Bash has powerful built-in string manipulation capabilities using parameter expansion. You can replace text within a variable without needing external tools like sed. This is faster and keeps your script self-contained.

The syntax ${variable/pattern/replacement} replaces the first match of pattern with replacement. To replace all matches, use a double slash: ${variable//pattern/replacement}.

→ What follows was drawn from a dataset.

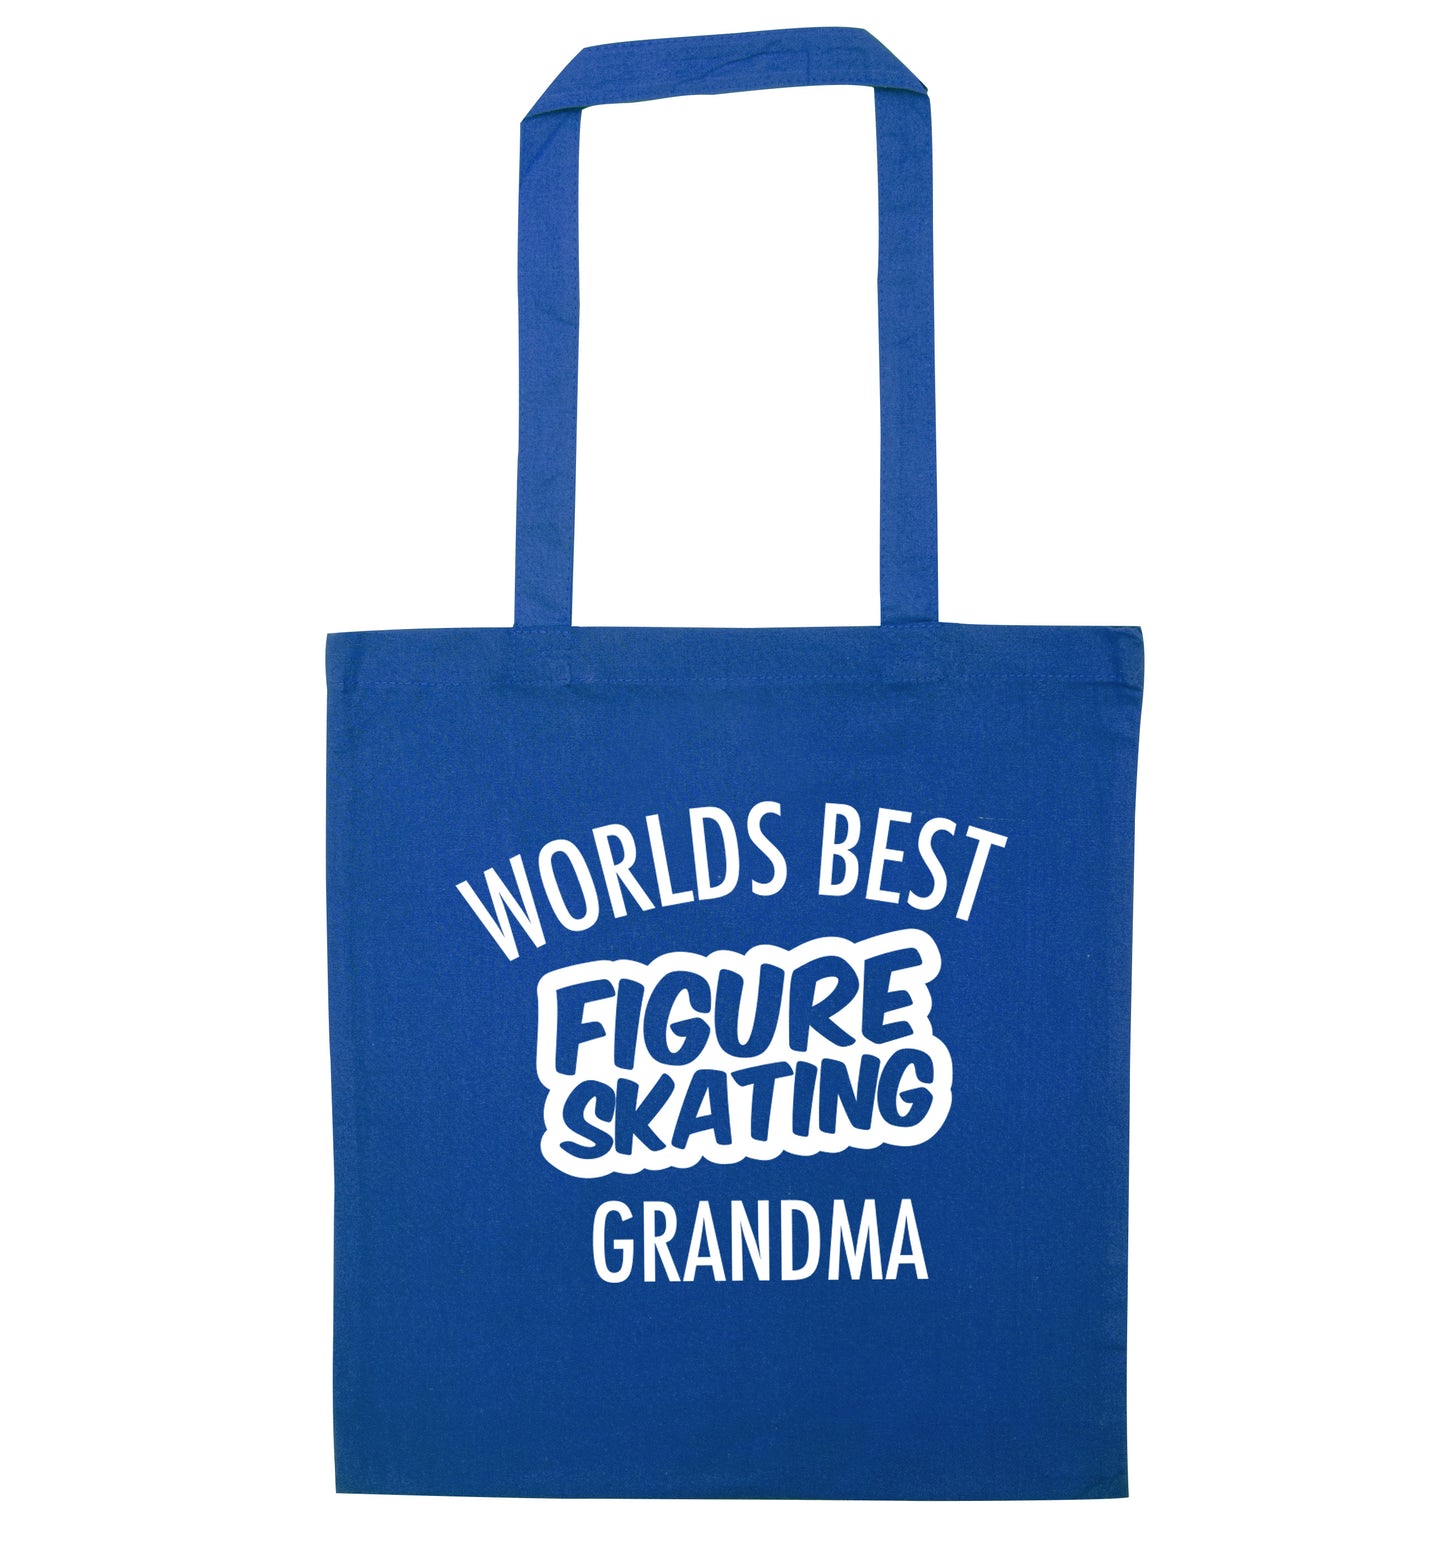 Worlds best figure skating grandma blue tote bag

If the replacement string is omitted (e.g., ${variable/pattern/}), the matched pattern is deleted from the string. This is useful for stripping whitespace or removing specific characters. You can also anchor patterns to the beginning (#) or end (%) of the string for more precise replacements.

Code Breakdown

7
Single replacement. Replaces the first "jpg" found in $filename with "png".
14
Global replacement. The // indicates that every instance of "apple" should be replaced with "fruit".
19
Deletion. We replace every space (// ) with nothing (the part after the last slash is empty), effectively removing all spaces.
23
${file%.tar.gz} removes the suffix ".tar.gz" from the end of the string. The % operator matches from the end.